Reading Picture Books with Children

Reading Picture Books with ChildrenReading Picture Books with Children: How to Shake Up Storytime and Get Kids Talking About What They See, by Megan Dowd Lambert.  Published by Charlesbridge in 2015.  176 pp.

Part of the appeal of Reading Picture Books with Children by Megan Dowd Lambert is its celebration of the “thingness” of the book, or, put another way, of the book as an object that engages the senses.  She begins this deep dive into the book object by calling out aspects of the book with notes in a handwritten-like script, pointing out the gutter, the smyth-sewn binding, the metatextual content, etc. All of this information is just a prelude to a revelation of Lambert’s Whole Book Approach from its inception, to its early workshops, to its inclusion in curricula up to and including the creation of this book. The cover is blatant—you should read picture books with children, not to them.

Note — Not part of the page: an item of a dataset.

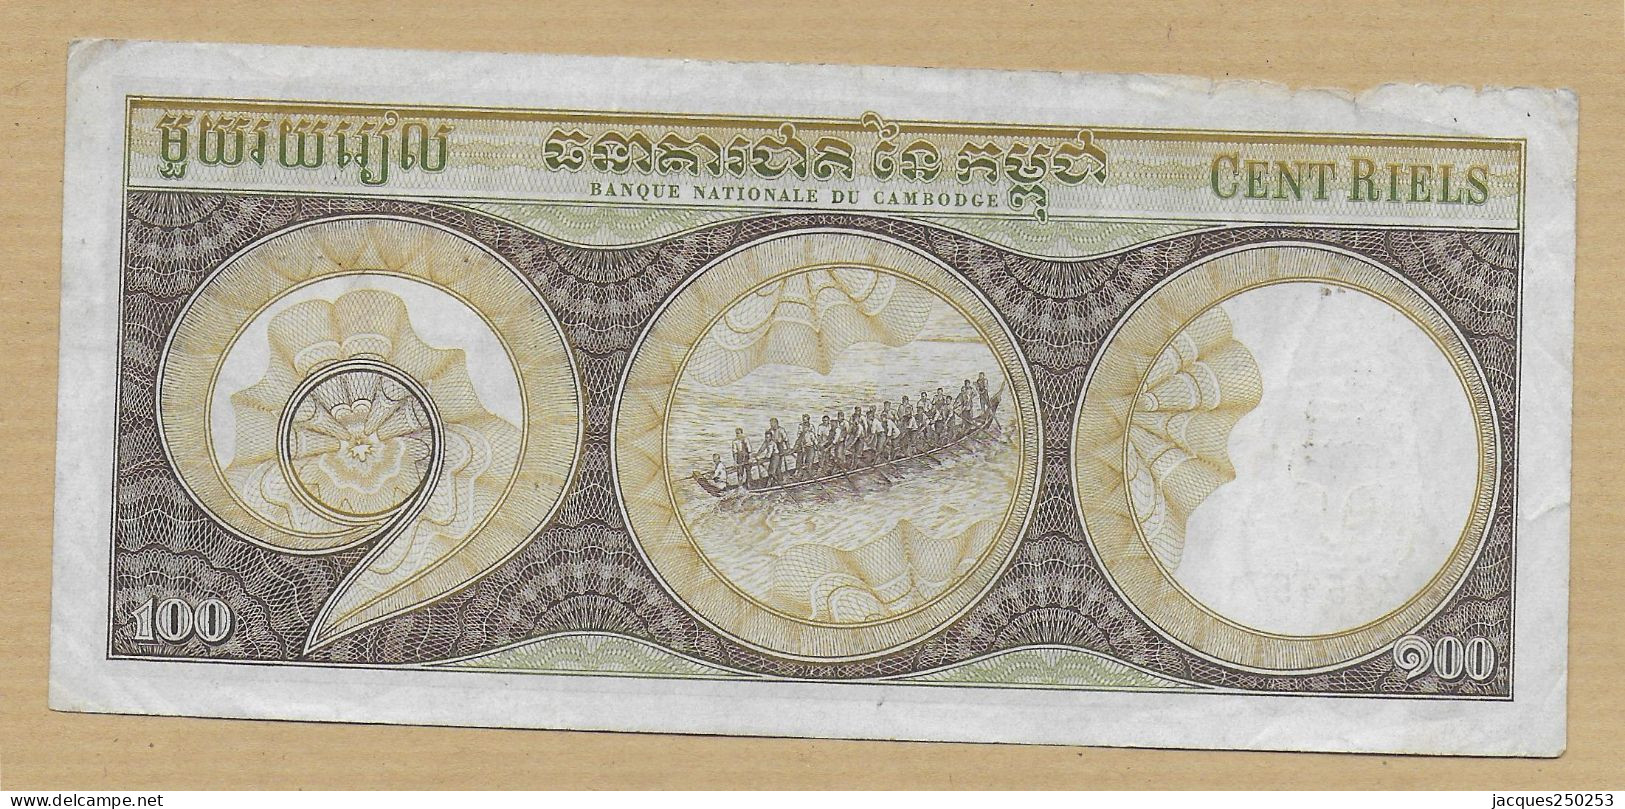 100 Riels Cambodge - Cambodge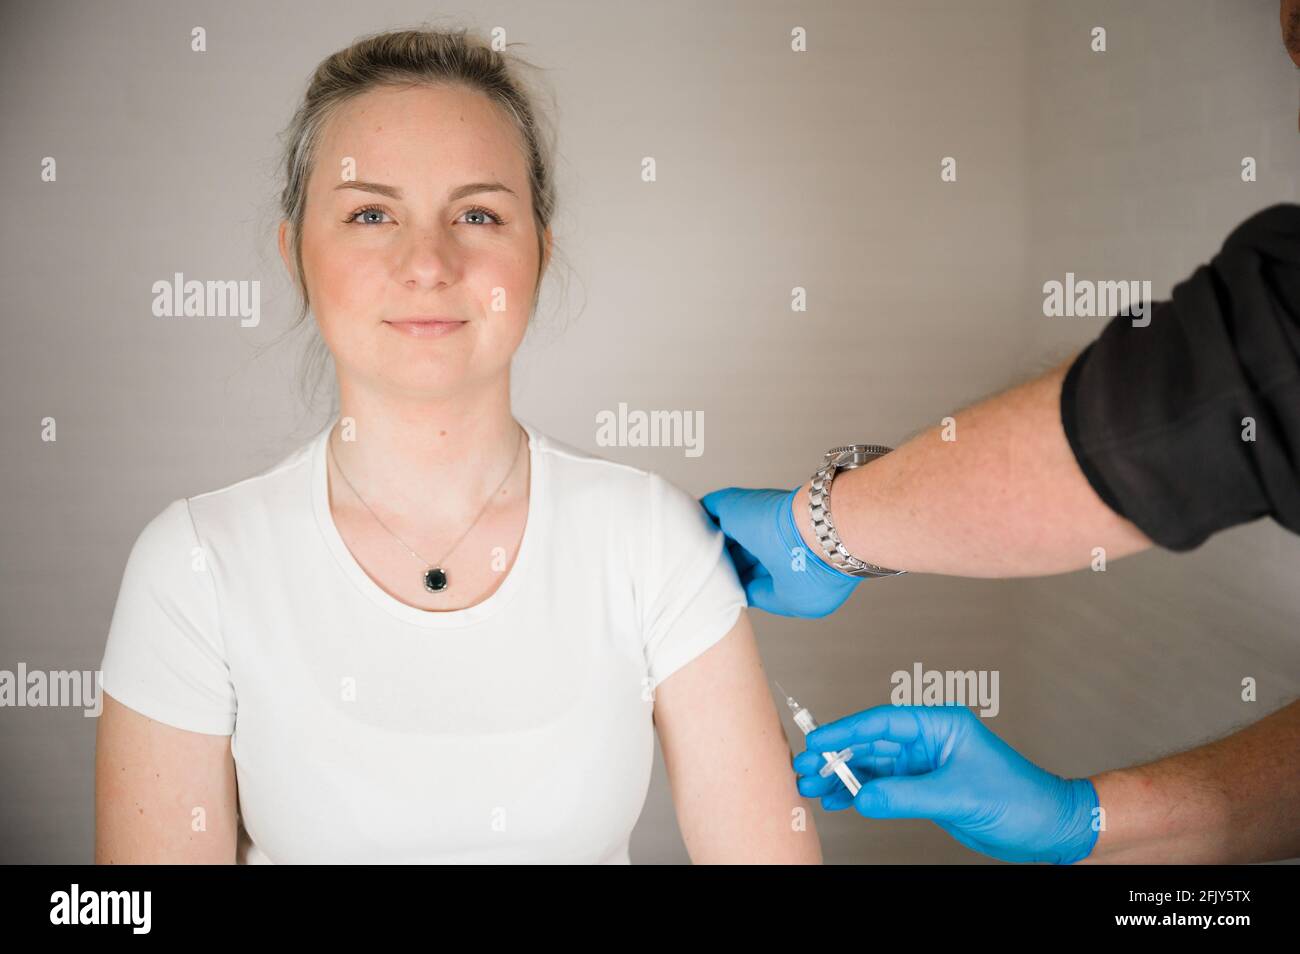 Medico che inietta il vaccino Covid in un braccio di pazienti: Curare la corona Pandemic con la vaccinazione di massa Foto Stock

There’s a difference and Lambert tells you how to explore and implement that difference to communicate the Whole Book to the whole child.

It’s not an overstatement to say that a close reading and doing of the strategies outlined in this book will change the way you use picture books. Lambert’s detailed analysis examines every aspect and step of sharing a book and does this in a way that seems not only possible but imperative. The dustjacket, the cover, the endpapers, typography, etc., can all be invitations to not only engage with the book but to listen to children communicate their perceptions and observations, making the experience richer for all.

Yet the Whole Book Approach is not about dissection, it’s about a fuller understanding. Lambert talks about devoting time and space to nurturing visual intelligence. A book about picture books must have ample illustrations and, while more pictures would have been welcome, the reader is given enough visual information to convey the point. A picture of a flamingo also looks like the side of an elephant’s head, suggests a particularly visually astute child. Lambert doesn’t shy away from often noting observations made by children that had eluded her for hundreds (even thousands, she once suggests) of readings.

If nothing else, Lambert notes that the Whole Book Approach prevents the picture-book sharer from lapsing into crowd control mode. When you take the time to really look and experience all the aspects of a picture book, all the participants become wholly engaged and isn’t that the endgame everyone wants? And if it has beautiful endpapers that provide clues to the story, all the better.